AI-generated summary
Large language models (LLMs), exemplified by ChatGPT, have gained
considerable attention for their excellent natural language processing
capabilities. Nonetheless, these LLMs present many challenges, particularly in
the realm of trustworthiness. Therefore, ensuring the trustworthiness of LLMs
emerges as an important topic. This paper introduces TrustLLM, a comprehensive
study of trustworthiness in LLMs, including principles for different dimensions
of trustworthiness, established benchmark, evaluation, and analysis of
trustworthiness for mainstream LLMs, and discussion of open challenges and
future directions.
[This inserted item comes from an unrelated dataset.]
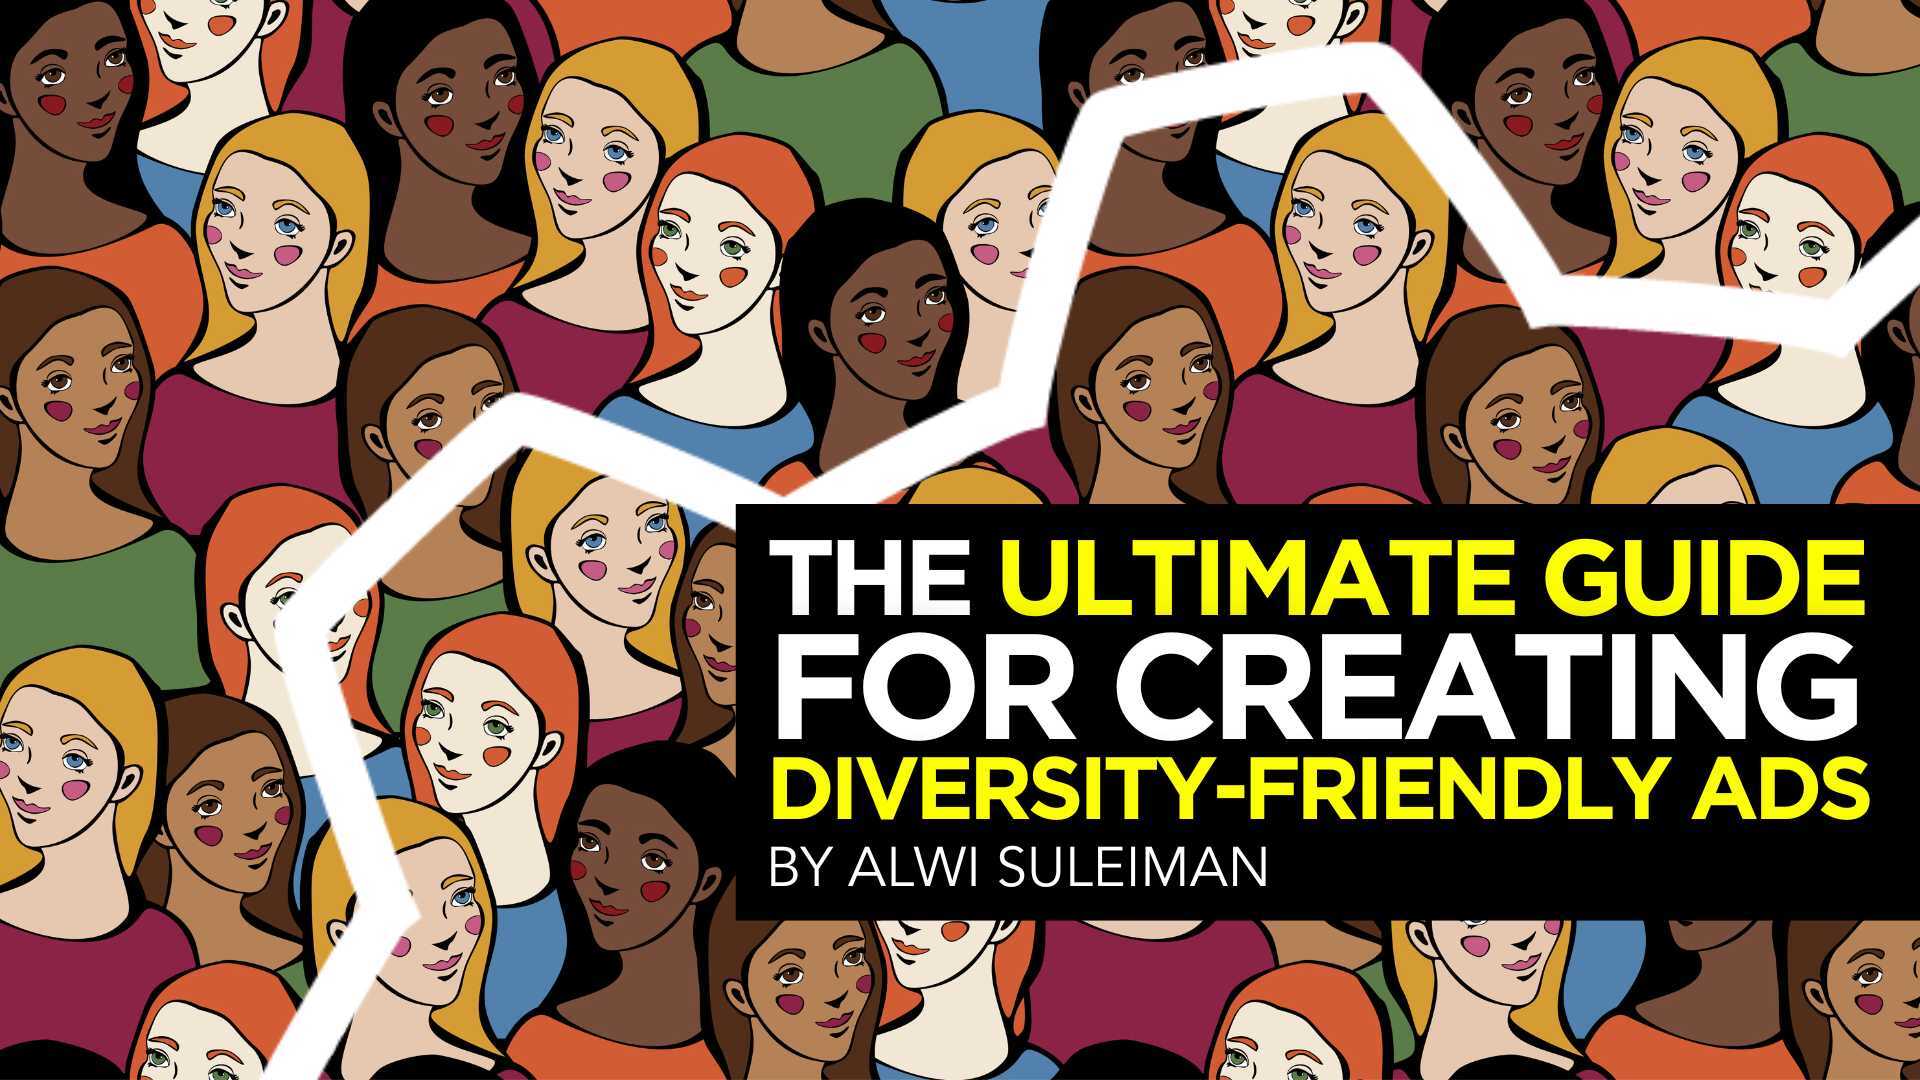 The Ultimate Guide for Creating Diversity-Friendly Ads

Specifically, we first propose a set of principles for
trustworthy LLMs that span eight different dimensions. Based on these
principles, we further establish a benchmark across six dimensions including
truthfulness, safety, fairness, robustness, privacy, and machine ethics. We
then present a study evaluating 16 mainstream LLMs in TrustLLM, consisting of
over 30 datasets. Our findings firstly show that in general trustworthiness and
utility (i.e., functional effectiveness) are positively related. Secondly, our
observations reveal that proprietary LLMs generally outperform most open-source
counterparts in terms of trustworthiness, raising concerns about the potential
risks of widely accessible open-source LLMs. However, a few open-source LLMs
come very close to proprietary ones. Thirdly, it is important to note that some
LLMs may be overly calibrated towards exhibiting trustworthiness, to the extent
that they compromise their utility by mistakenly treating benign prompts as
harmful and consequently not responding. Finally, we emphasize the importance
of ensuring transparency not only in the models themselves but also in the
technologies that underpin trustworthiness. Knowing the specific trustworthy
technologies that have been employed is crucial for analyzing their
effectiveness.
Exactly how is trustworthiness innately related positively to utility? After reading this paper i'm more confused, because a whole bunch of the utility of current models comes down to toxicity and semantic filtering. Also, the "raising concerns about open source models" is silly and ridiculous. Those that can't handle technology won't be using open models in the first place. That raises the obvious question, what large model owners sponsored this study to sow fear and doubt? Knowing something is able to be trusted is different from trust = effectiveness. All depends on your use case and what bias you're bringing to the table.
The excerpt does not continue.